よい病院、よくない病院の見分け方[石井友二]

マネジメントの巧拙が、病院の良し悪しを決めます。多くの病院コンサルティングの成果をお伝えし、自院の運営に役立たせていただくことを目指します。職員がやりがいをもって働ける環境づくりも、もう一つの目的です

リクエストに応えて看護師さんとのこと(1)

 一番はじめに病院のコンサルにはいってからすでに15年経過しました。もっとも初めに行ったことは、職能等級制度の整備でした。

 それから私たち独自の3つの構造からできあがっているマニュアルを作成しました。手順、留意点、必要な知識がその項目です。抒情的なマニュアルではなく、手順は手順、横にナレッジとしての留意点は留意点と区分して記載することで理解がし易い。そして覚えやすいというものです。

 必要な知識には、他のマニュアルとのレファレンスやたとえばこの書類はどこに入っている…といった詳細な当該組織なりの特別な事項、さらに知識として、感染症とは…といった内容を記載する欄でした。のちにさらに本来の接遇欄がつくられ、構造化されたマニュアルは4つの構造から成り立つマニュアルになりました。

 痛みを与えない、羞恥心を与えない、恐怖心を与えない、納得してもらう、不便を与えない、不快な思いを与えない、不利益を与えないということが接遇であるという考え方です。できる人は人にやさしい、挨拶、笑顔、礼節は技術技能の発露である、という仮説に成り立った従来の接遇の考え方を変える概念でした。

 さらに、目標管理制度、のちにBSCを20病院ほど実施し、そのなかで独自の目標管理制度を開発しました。これは今後書籍にしていきます。

 リスクマネジメントにおいて、詳細な分析やRMとしての業務、さらには業務改革といったながれで看護部との関係がつくられました。爾後、マニュアルソフト→ナイスナレッジ、リスクマネジメントソフト→リスクブロックを開発しソフト会社から販売しました。これはまだかなりの病院に導入されています。

 さらに、看護プロセスに入り、ロイやヘンダーソンの学習を通じて、看護診断、看護計画をつくりはじめました。関連図の作成を行ったのもこのころです。なお、最近のNANDAについては未だ勉強中で、ものになっていません。

 ただ、問題はテンプレート化したことにより、内容がよく把握できずに標準看護計画的なものになりがちであるという病院がいくつかでてきたこと。これからどうすればよいのか、考えていきます。

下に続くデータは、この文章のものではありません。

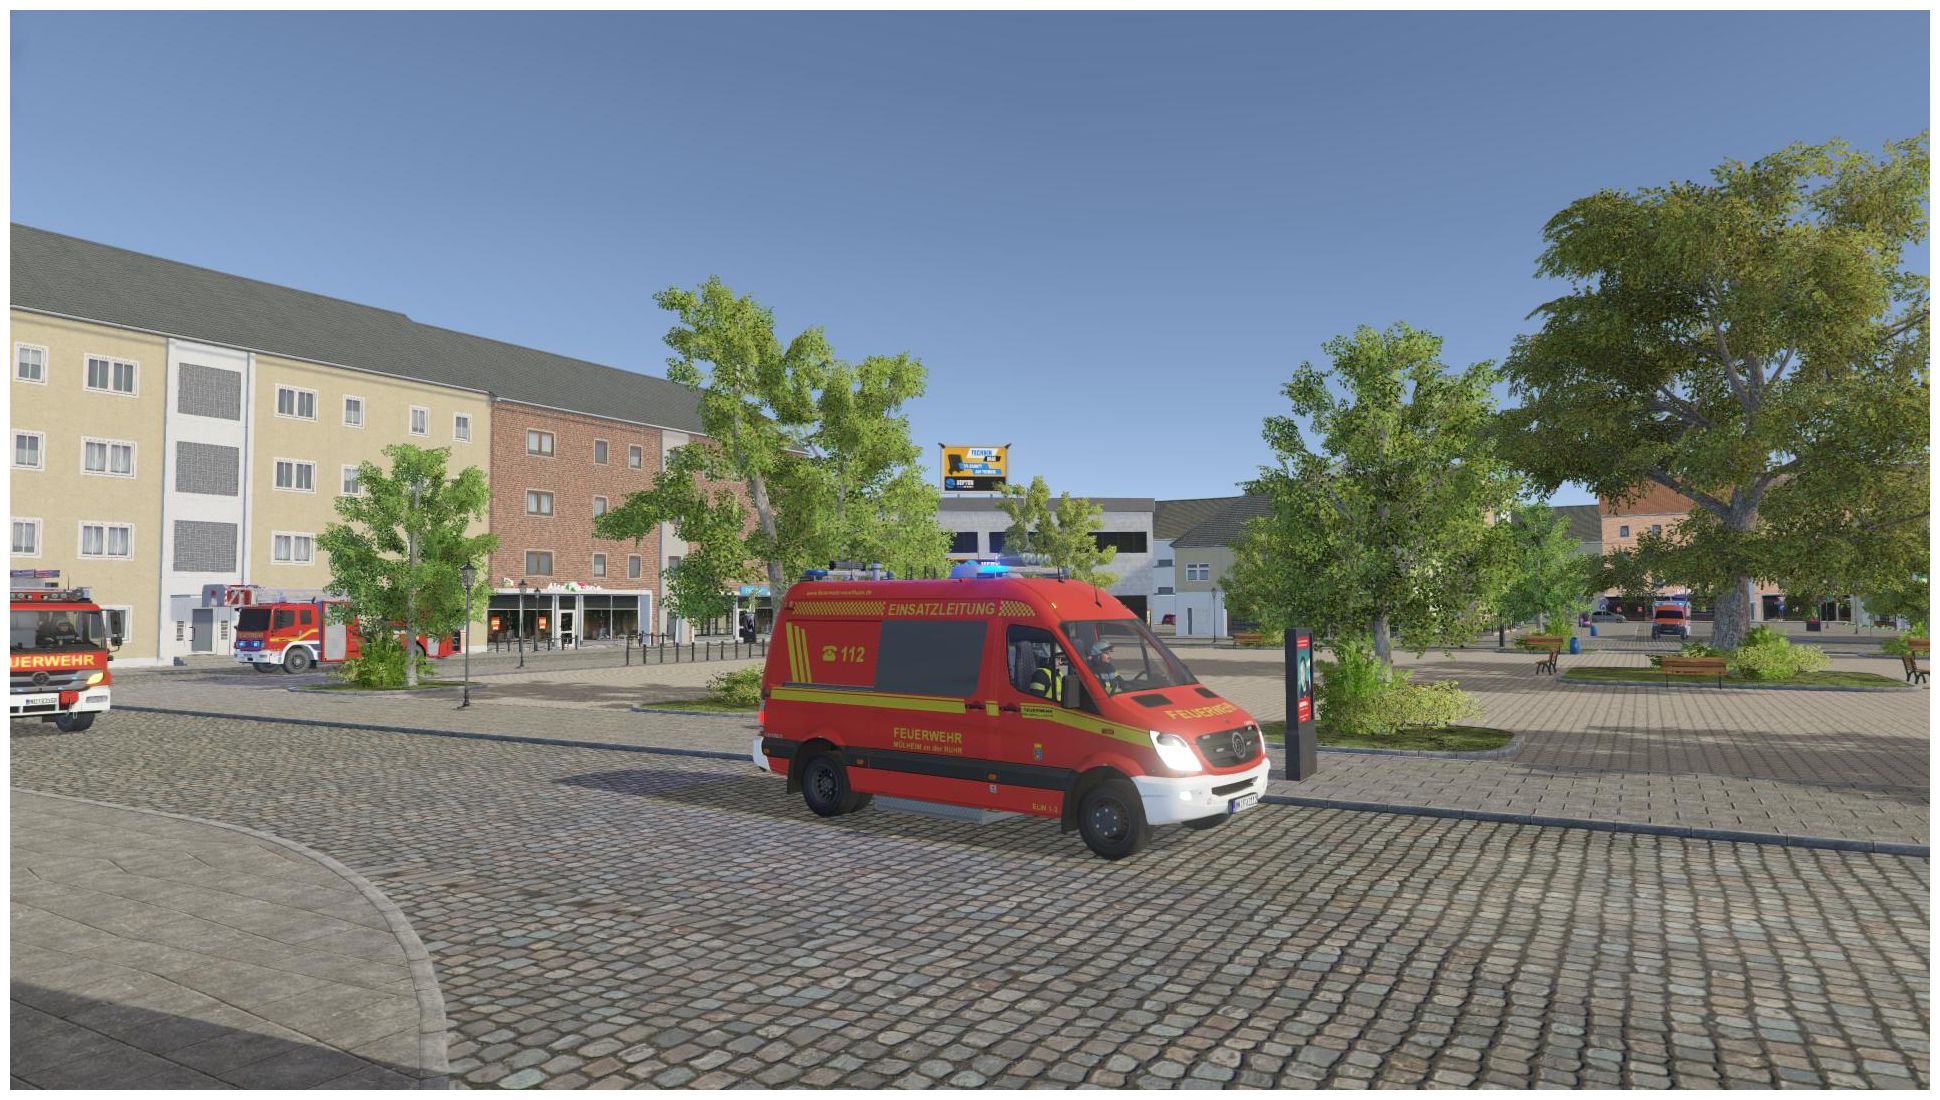 tronic von Feuerwehr Simulation 112: (PC) Notruf ak Technomarkt expert Die

 そこではラウンドを行い、昔懐かしカーデックスをガチャガチャあけて、看護方針や目標についてのコメント、さらには記録の内容についてのオーディットといったことにも業務の範囲を広げました。このころから、在院日数が入院診療計画書と異なるときに、その理由を明確にして、早ければ青、遅ければ赤というマークをつけ、在院日数の管理をはじめた記憶があります。

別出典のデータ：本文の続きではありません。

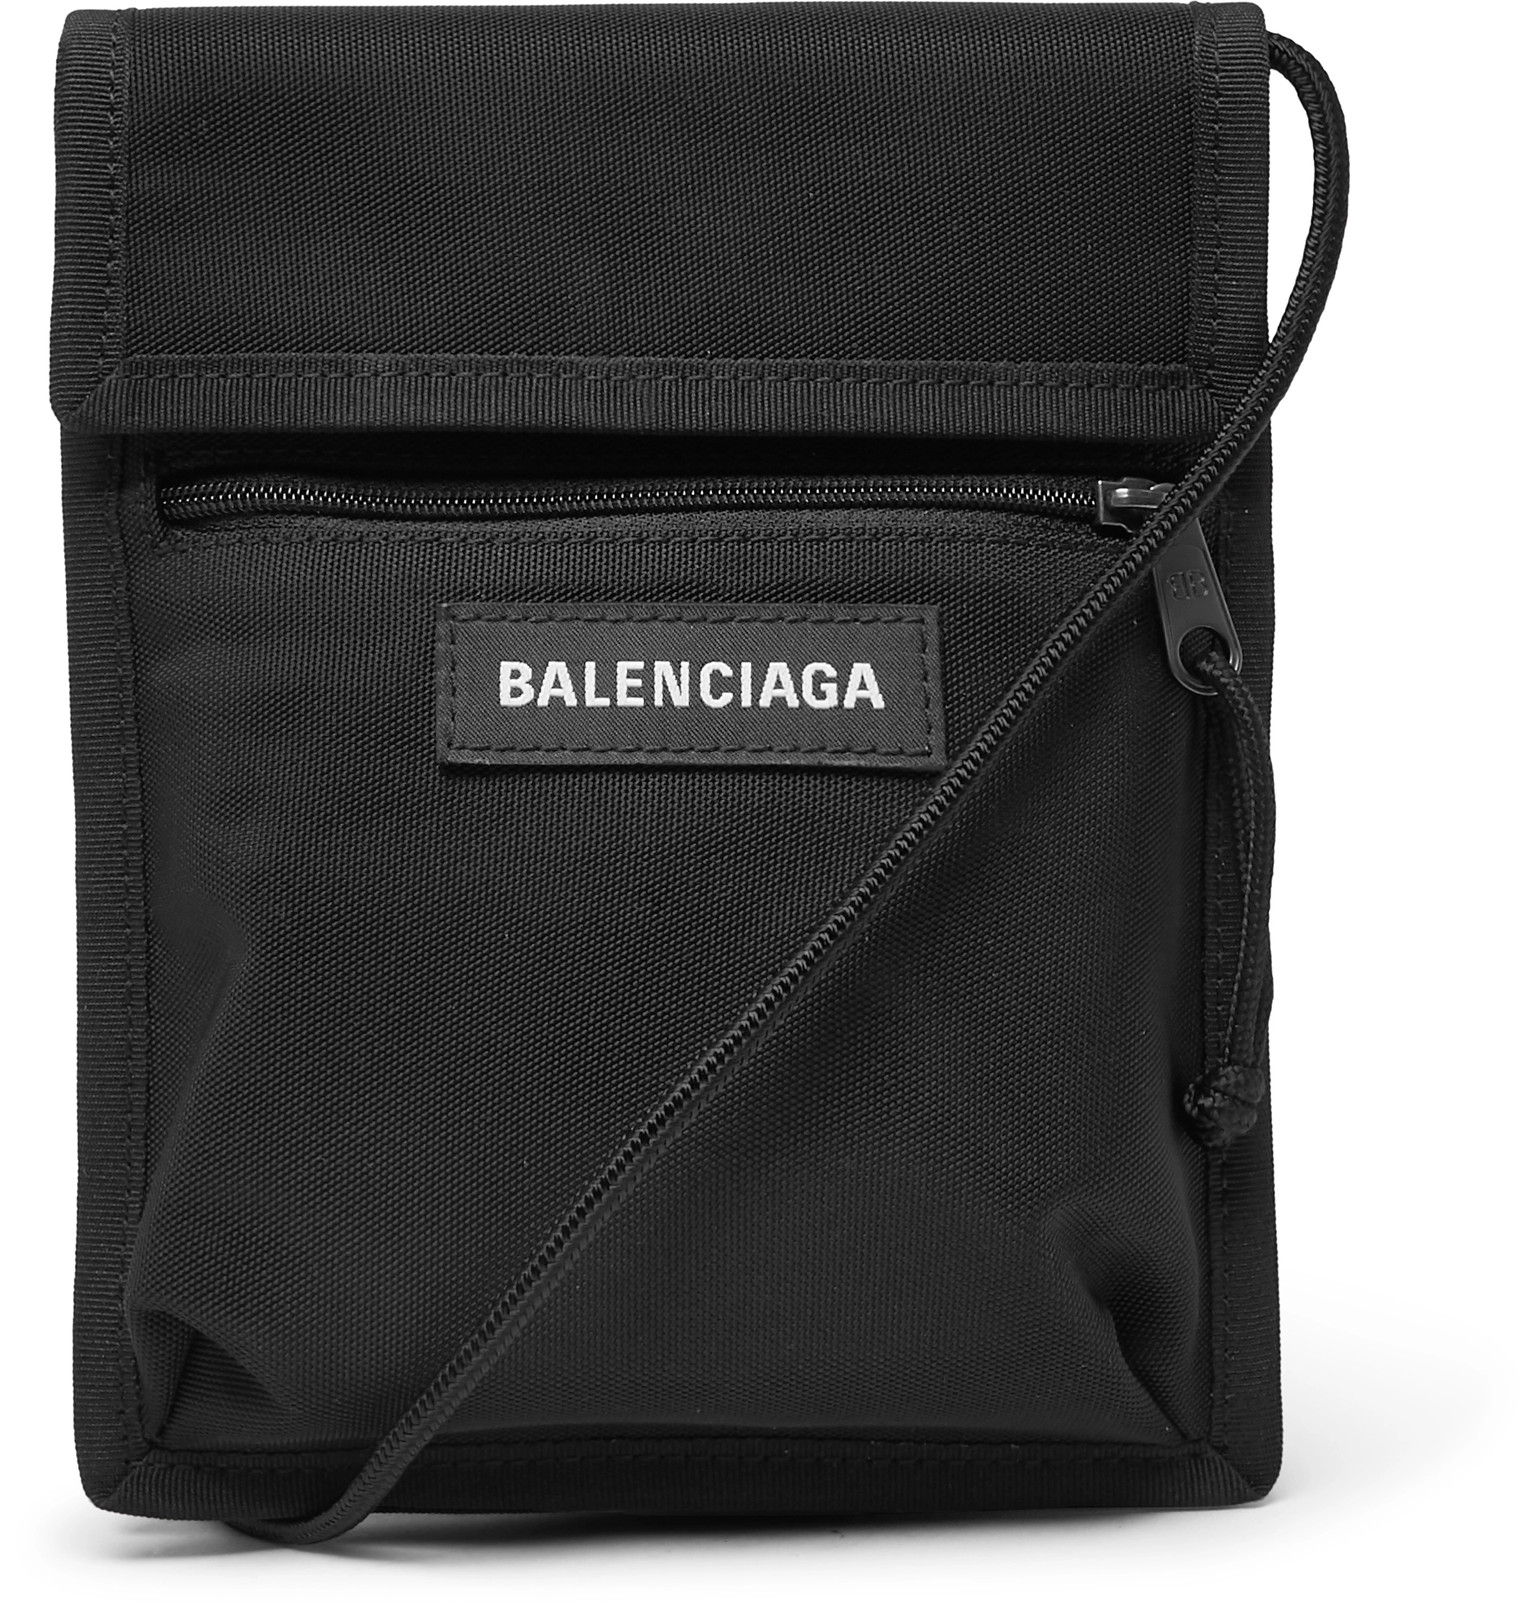 Balenciaga - Explorer Canvas Messenger Bag - Men - Black | The Fashionisto

 これはのちにクリティカルパスを作成し、バリアンスママネジメントを行うときに役に立ちました。パスについては、パス委員会でセミナーを開いたり、カレンザンダーから語り始めることもありました。実際にわたくしたちがパスを作成し、病院に提供。そしてそれをサンプルにパスが多数つくられた病院もあります。

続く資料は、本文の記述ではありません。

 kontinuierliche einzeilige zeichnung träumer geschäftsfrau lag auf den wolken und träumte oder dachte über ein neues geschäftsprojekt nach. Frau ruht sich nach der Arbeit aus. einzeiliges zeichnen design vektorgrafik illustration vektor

 さらに個人カルテを開発。マニュアルや職務基準と併せて個人課題を抽出し、職場内教育の徹底をスタンダードを基礎として一人ひとりに光を当てる考え方での完成を目指しました。カフェテリアプログラムなど病院が目的をもってカリキュラムを決定し、ABCランクをつけたなかでまるで大学のような教育カリキュラムをつくり、病院全体の教育体系をつくりはじめたのもこのころです。

 看護部であればプリセプティングや、卒後研修、そしてラダーの構築についての検討を始めました。職務基準とラダーを一緒にしてかたちをつくっている病院もでてきて、すごいことになりました。

 なお、パスとリスクマネジメント、マニュアルはすべて業務改革のツールであり、教育とすべてリンクするという意味で、これらは皆連関をもって、一体として展開されるべきである。それら4つはすべてつながり管理されなければならないということで、四位一体という考え方での展開もこのころ開発しています(続く)。